WHAT THIS TASK INVOLVES: Return the full listing word for word, but drop every picture from it.

PROVIDED MATERIAL:
--- --- ---

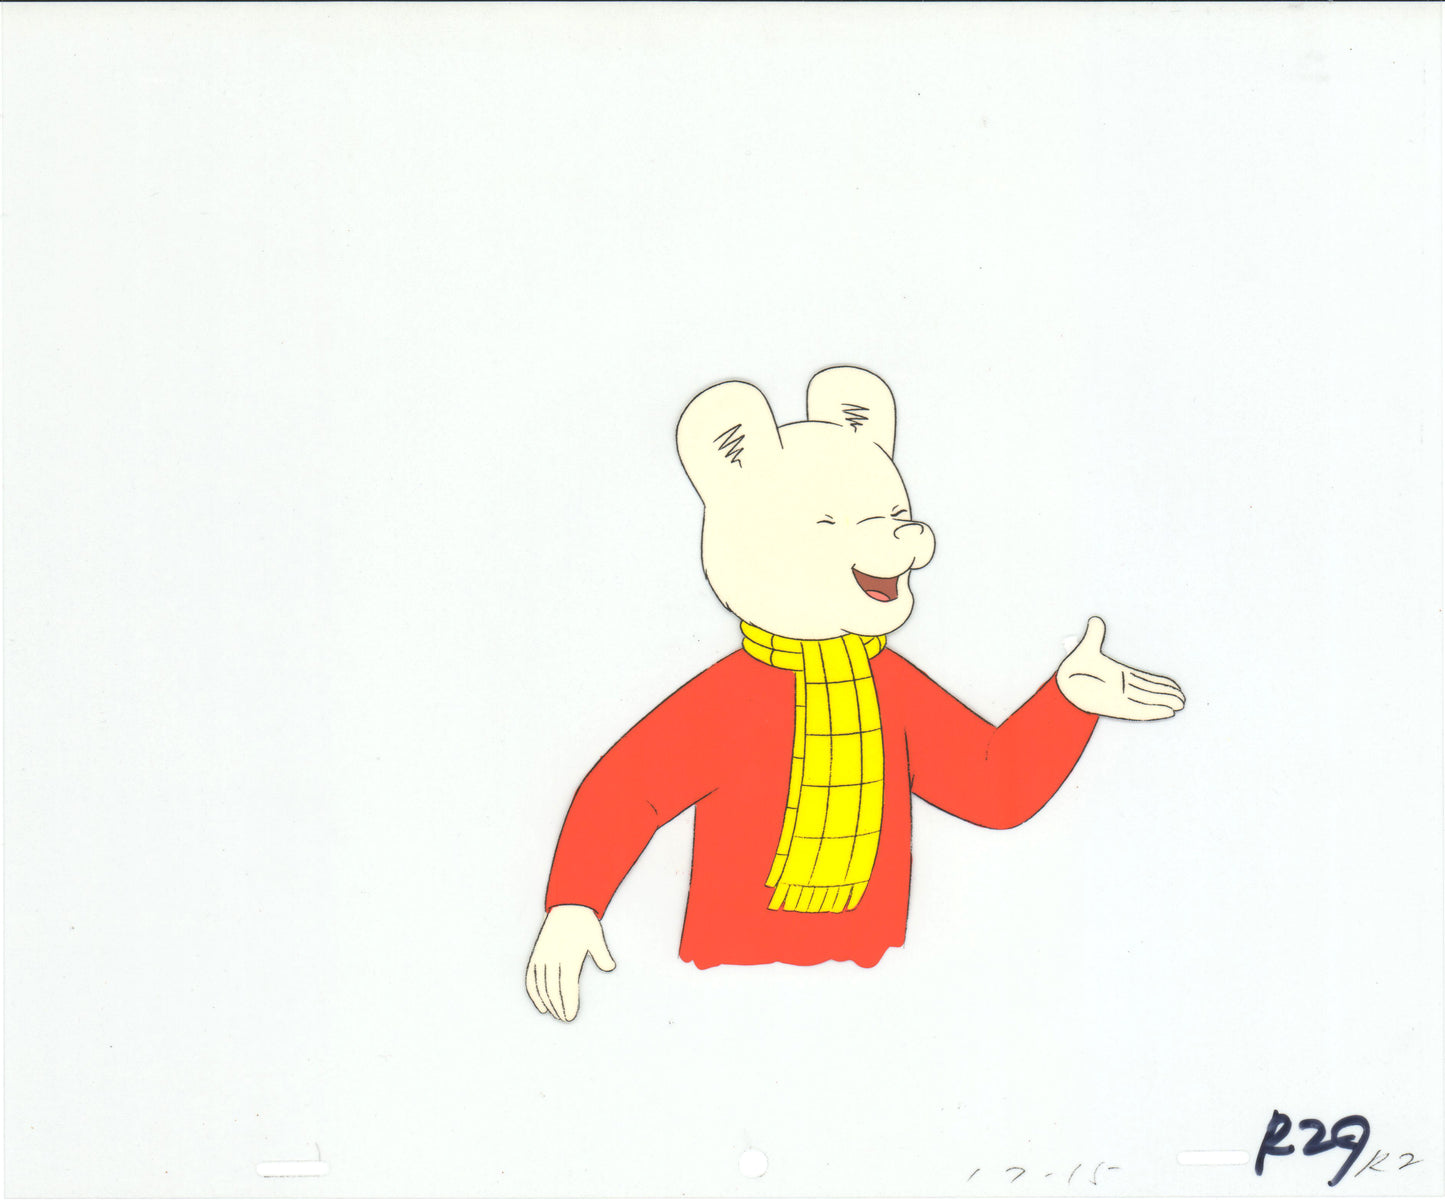 RUPERT Bear Original Production Animation Cel from the Cartoon by Nelvana Tourtel Animation 1990s 8-206
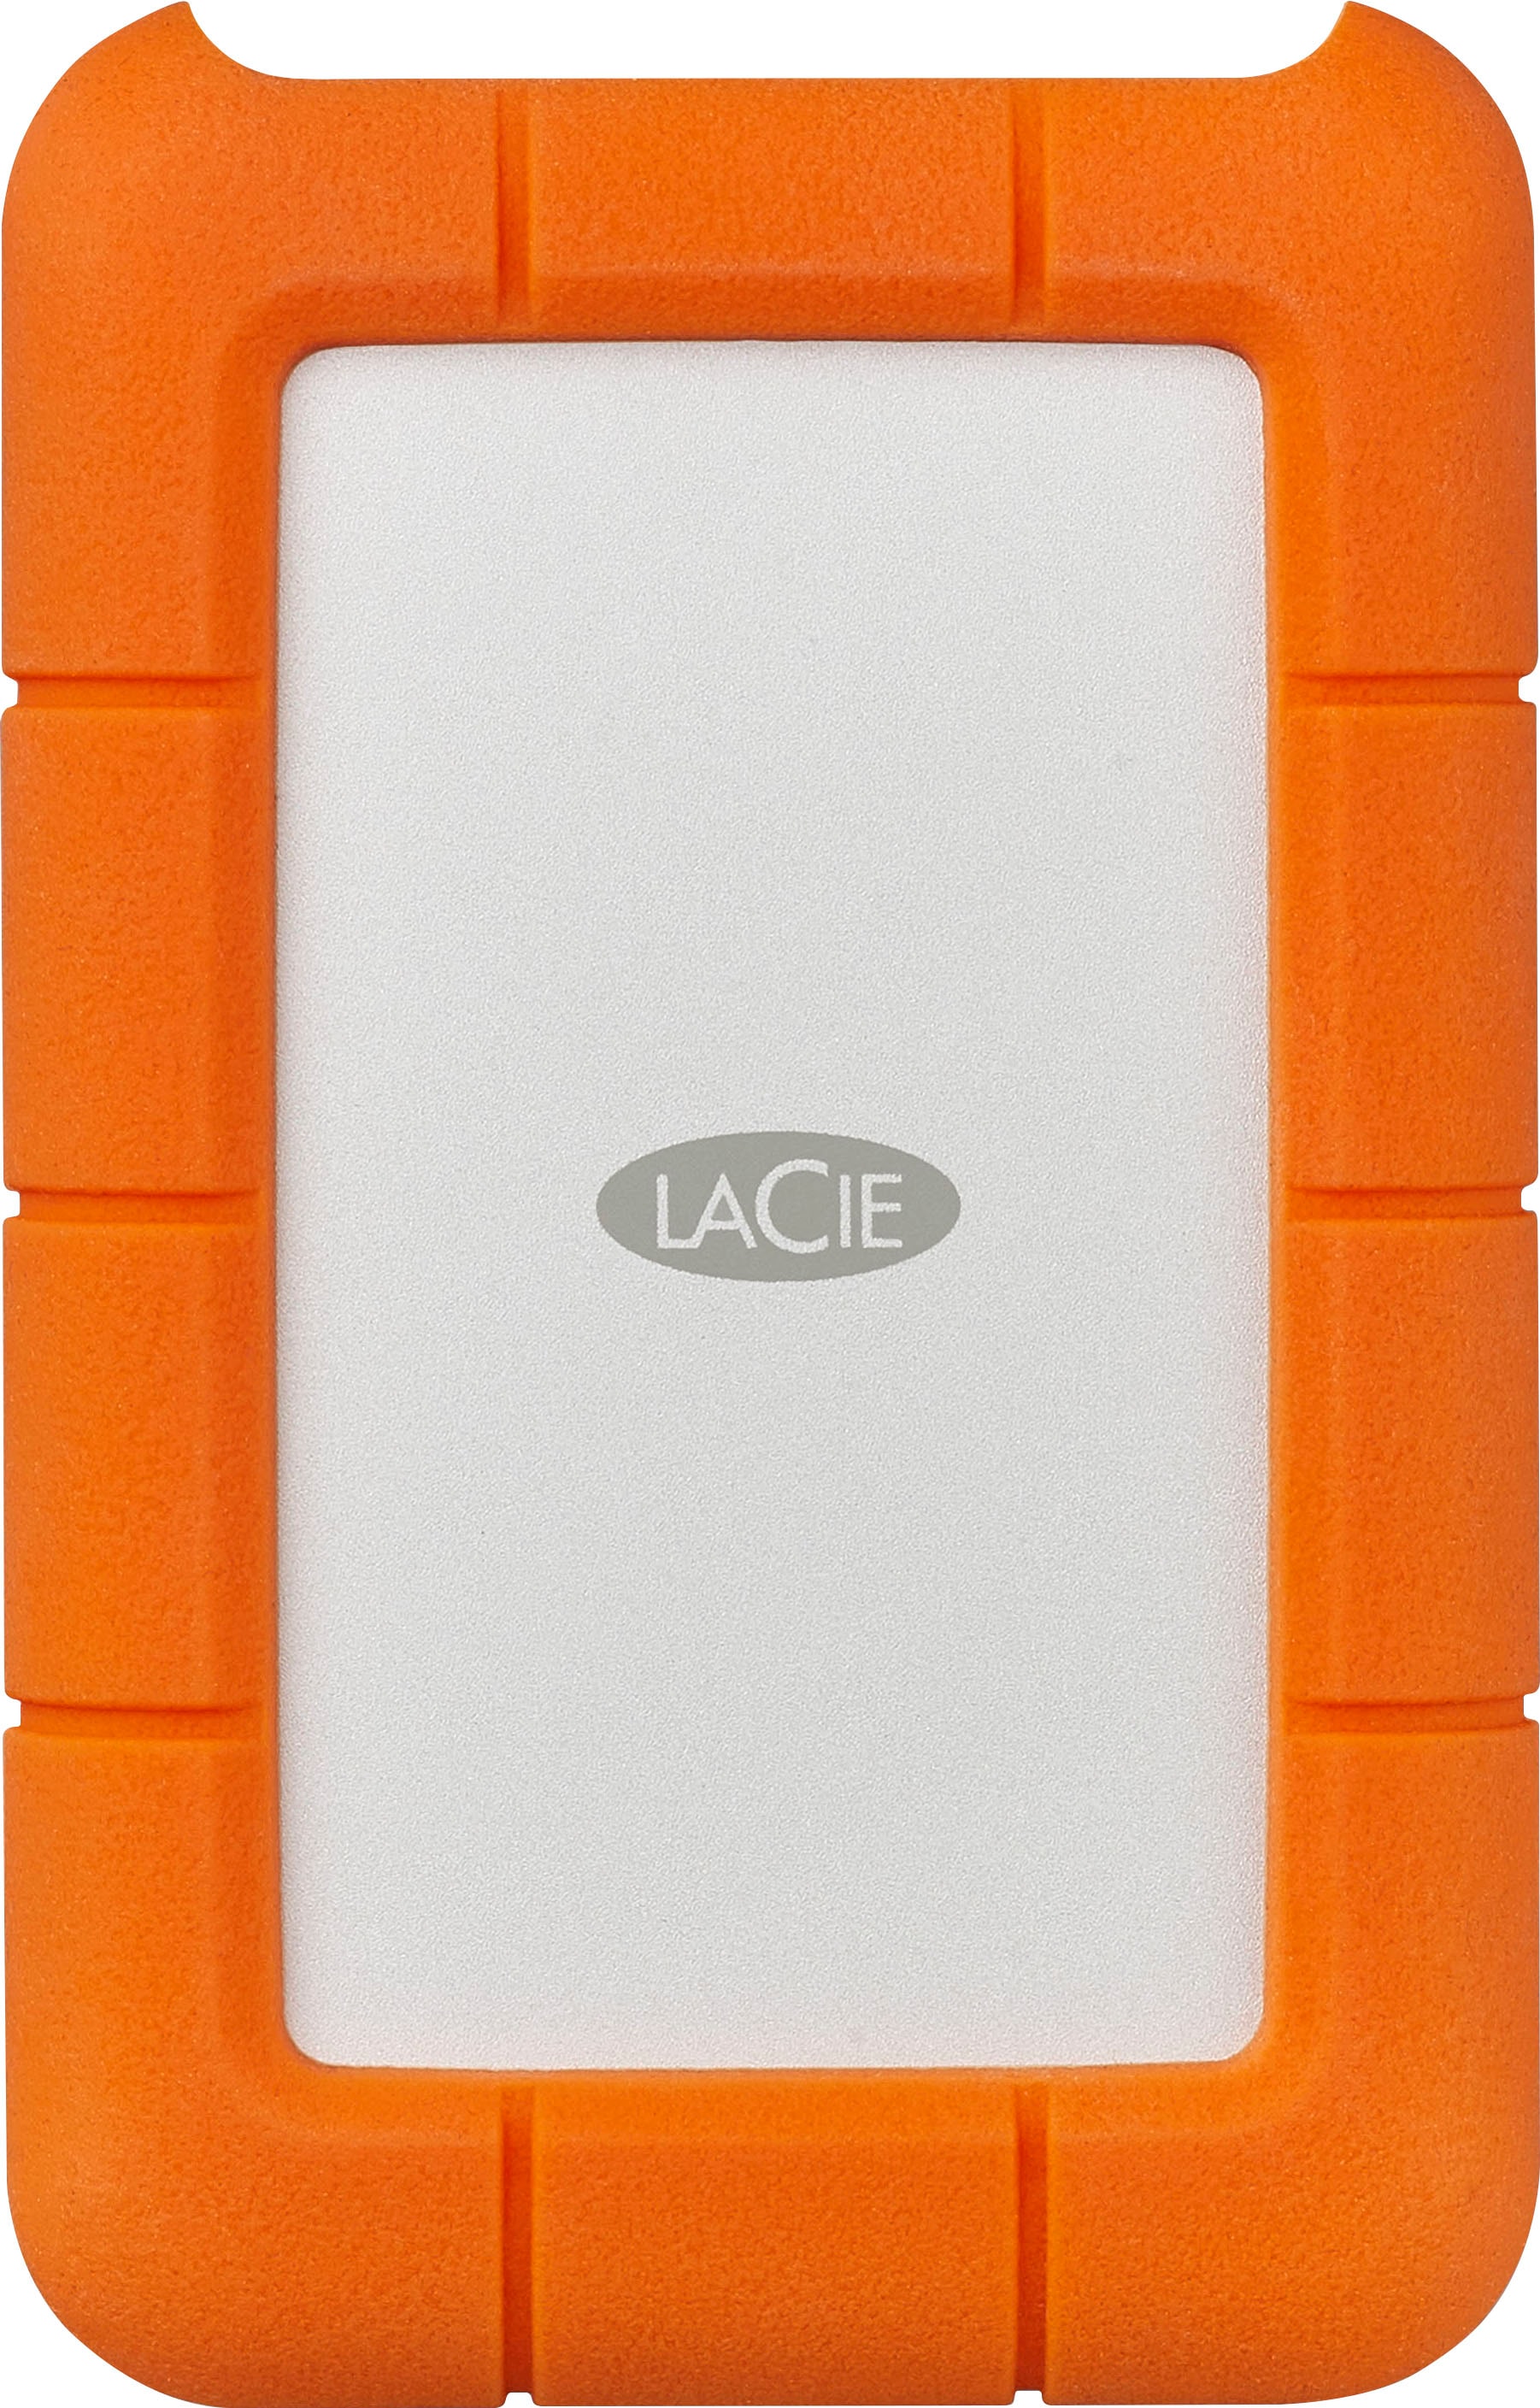 LaCie externe HDD-Festplatte »Rugged USB-C«, Anschluss USB-C-USB 3.0
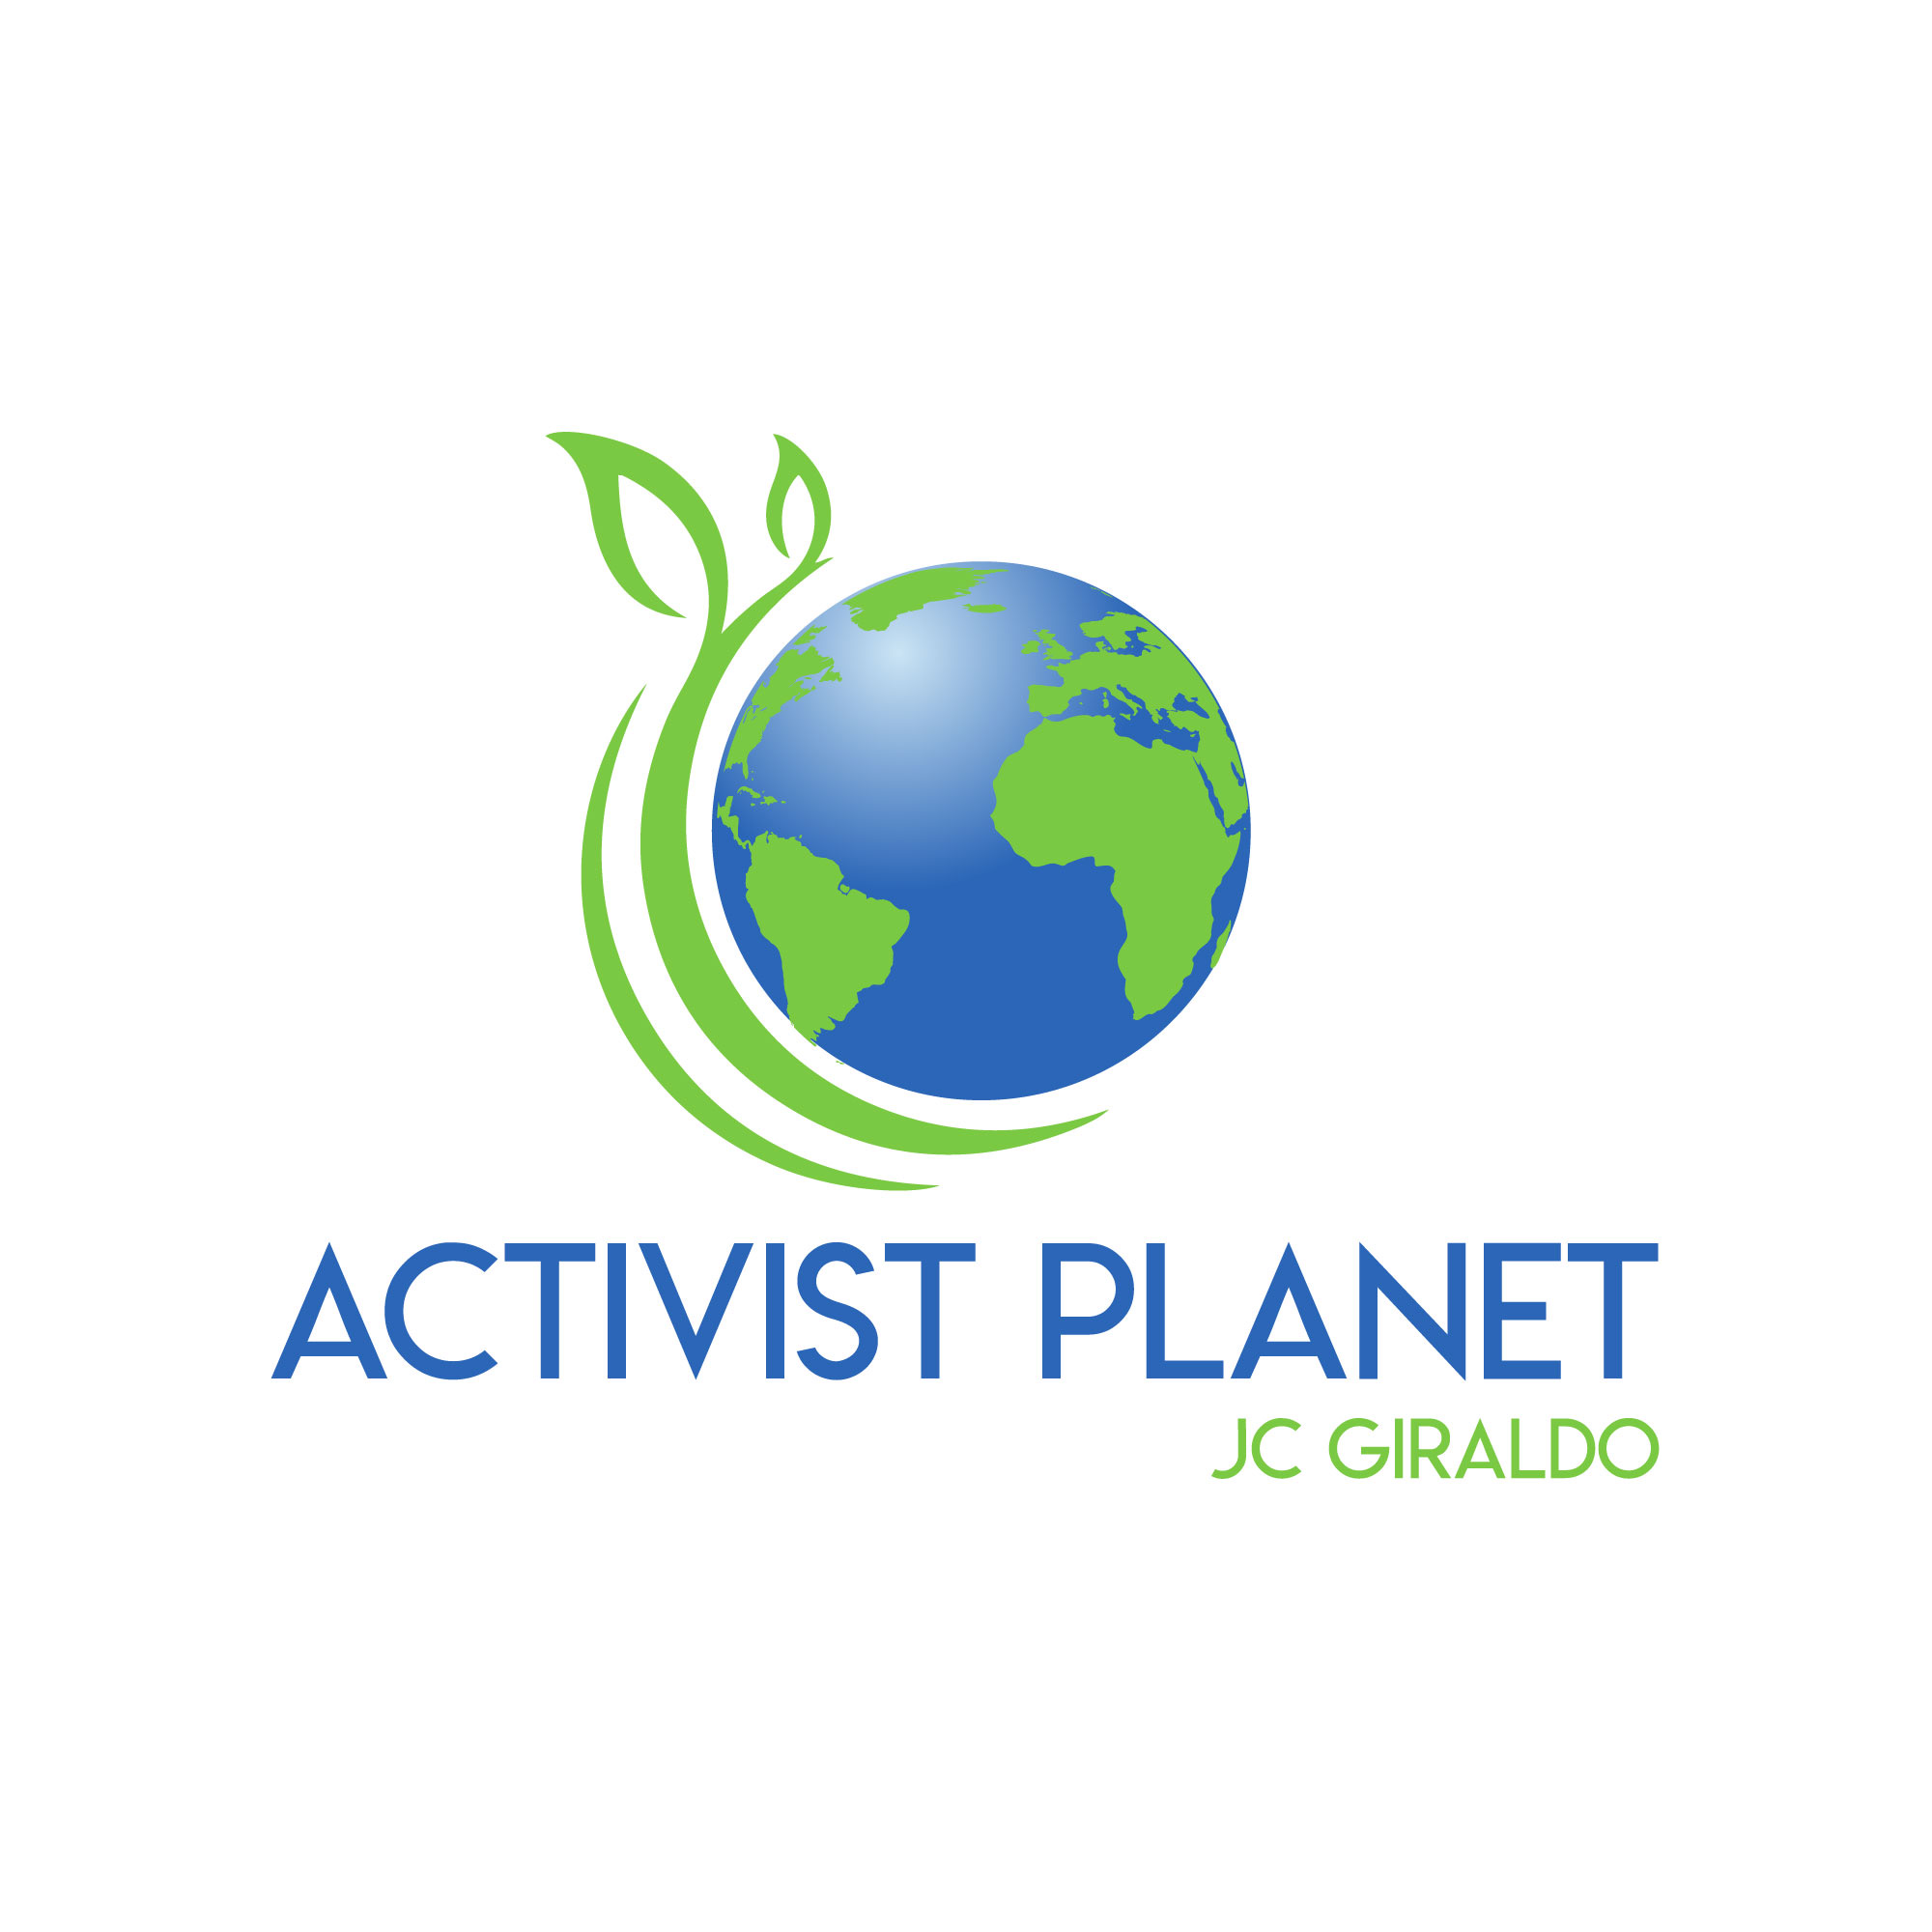 Activist Planet LOGO JPG

--- --- ---

REPLY TO THE TASK:
 RUPERT Bear Original Production Animation Cel from the Cartoon by Nelvana Tourtel Animation 1990s 8-206
 LaCie externe HDD-Festplatte »Rugged USB-C«, Anschluss USB-C-USB 3.0
 Activist Planet LOGO JPG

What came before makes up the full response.